* **What the task asks**
Copy out the listing in full, exactly as written, but not its pictures.

* **Stored data**
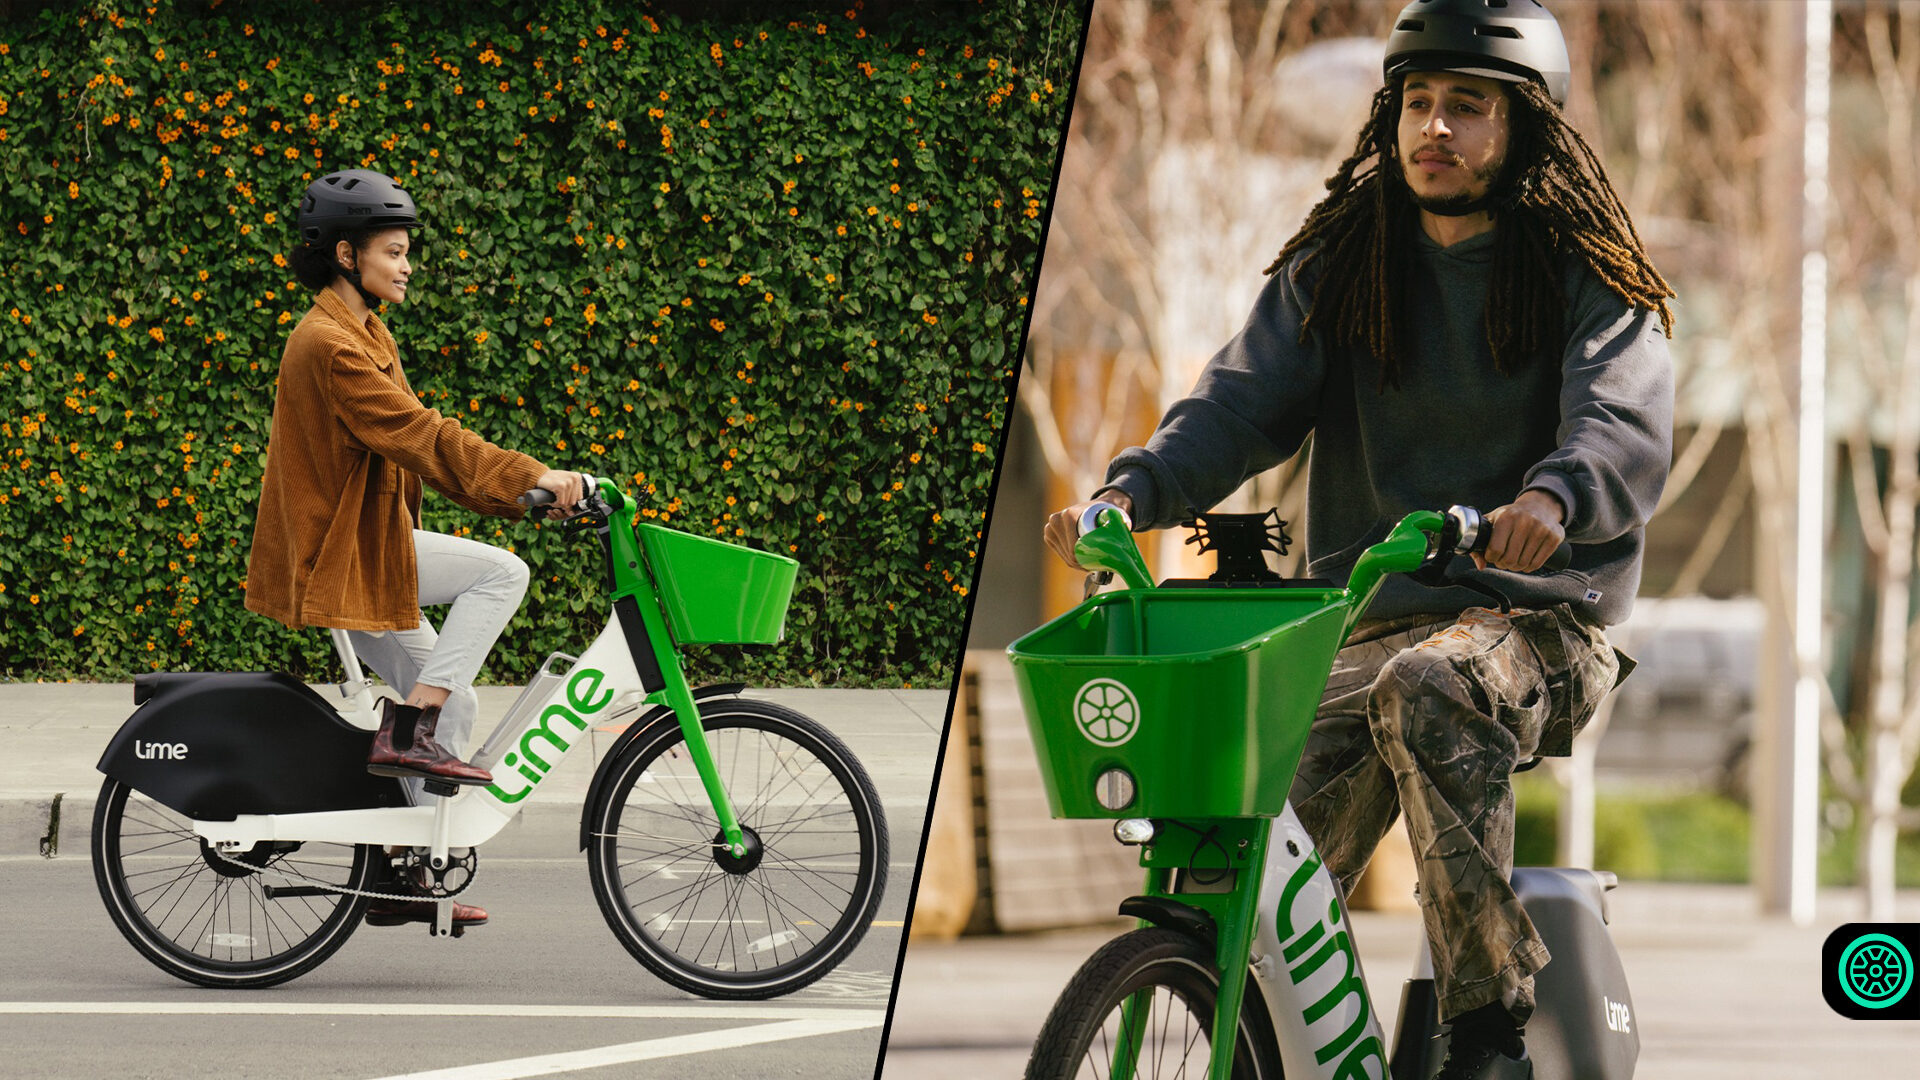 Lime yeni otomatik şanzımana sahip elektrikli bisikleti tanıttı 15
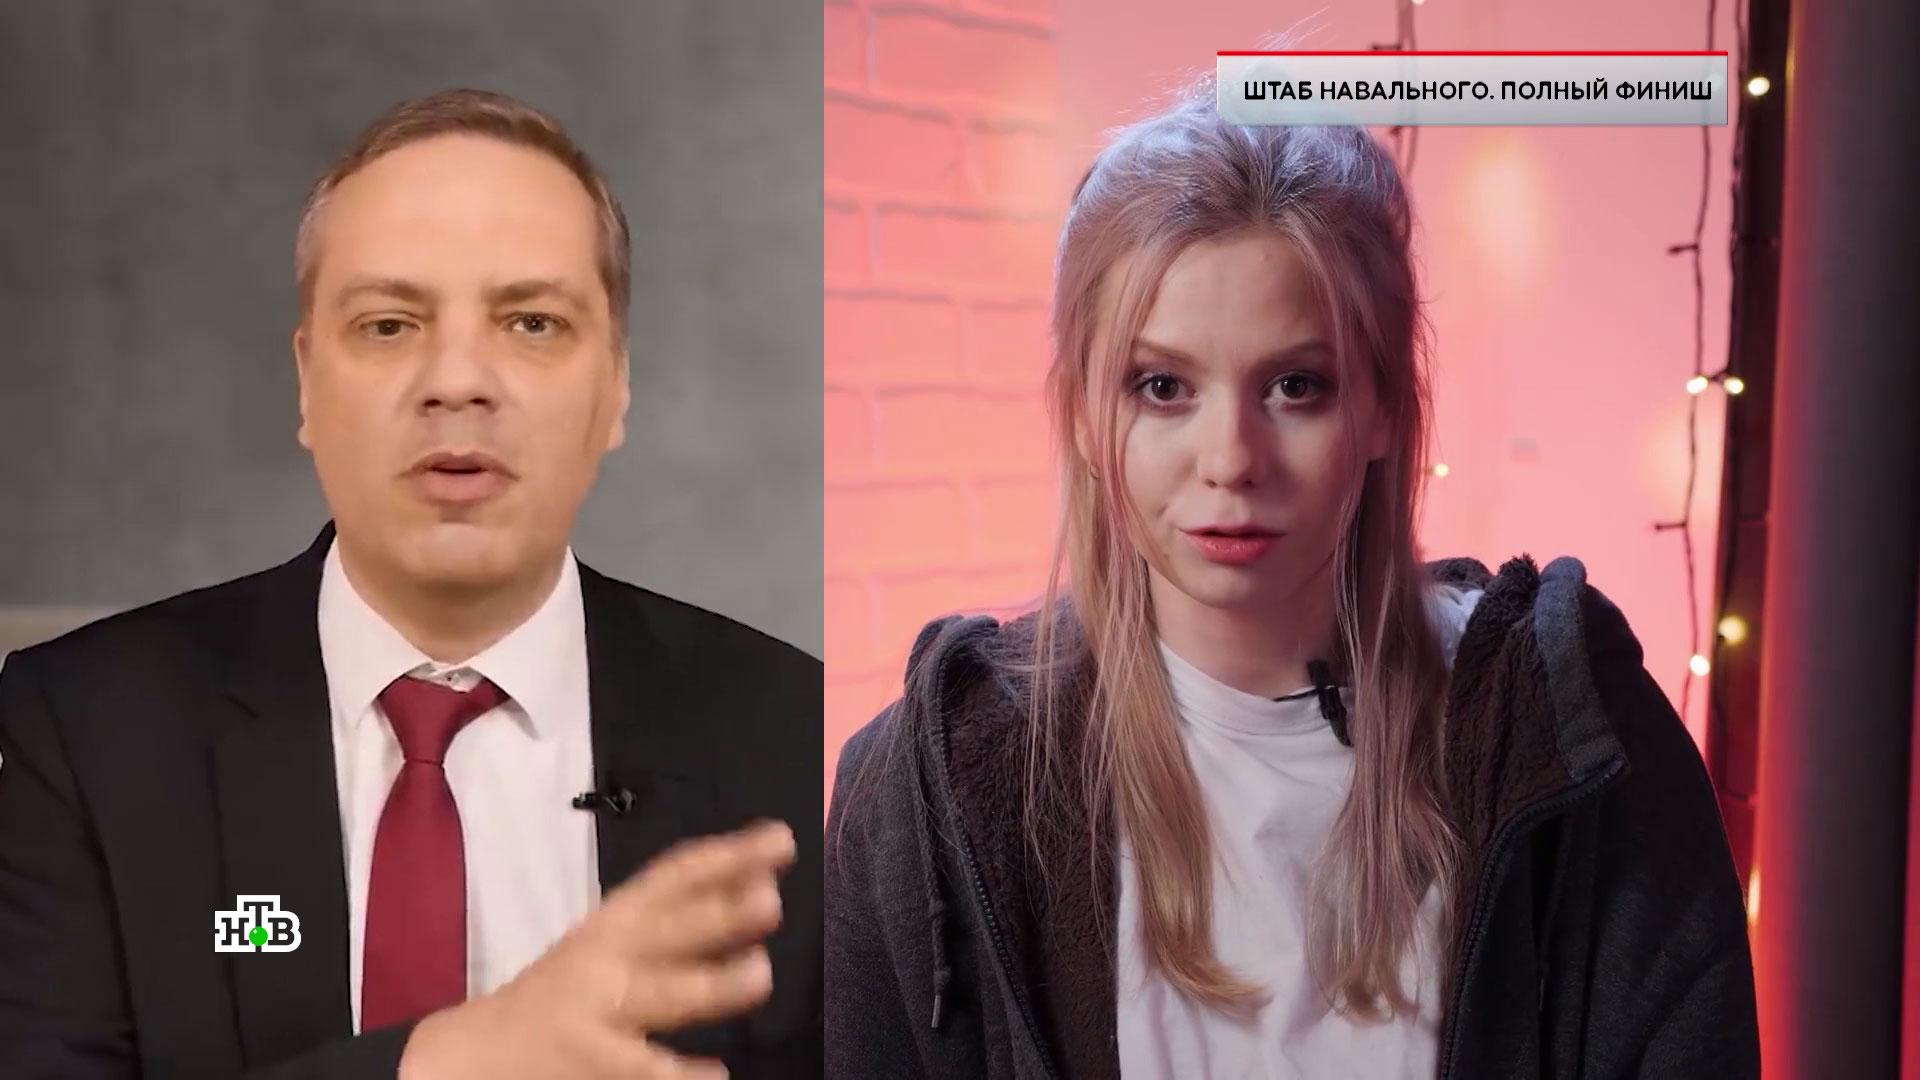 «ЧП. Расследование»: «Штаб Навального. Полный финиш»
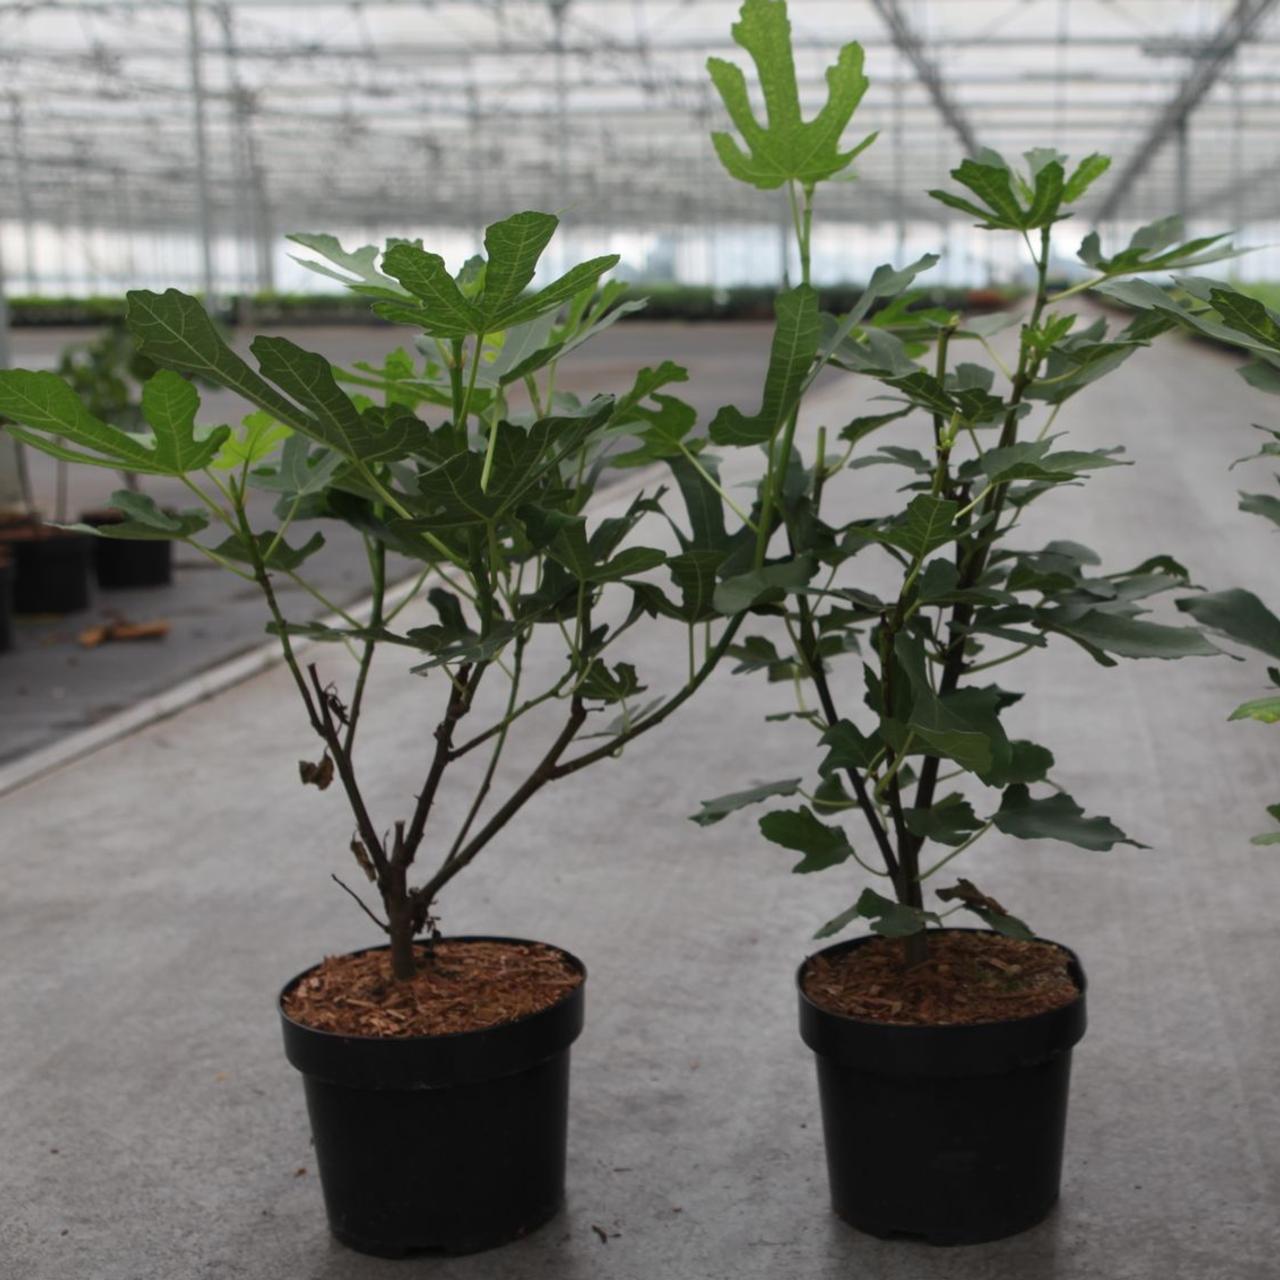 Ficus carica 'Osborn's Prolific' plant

* **Answer to the exercise**
 Lime yeni otomatik şanzımana sahip elektrikli bisikleti tanıttı 15
 «ЧП. Расследование»: «Штаб Навального. Полный финиш»
 Ficus carica 'Osborn's Prolific' plant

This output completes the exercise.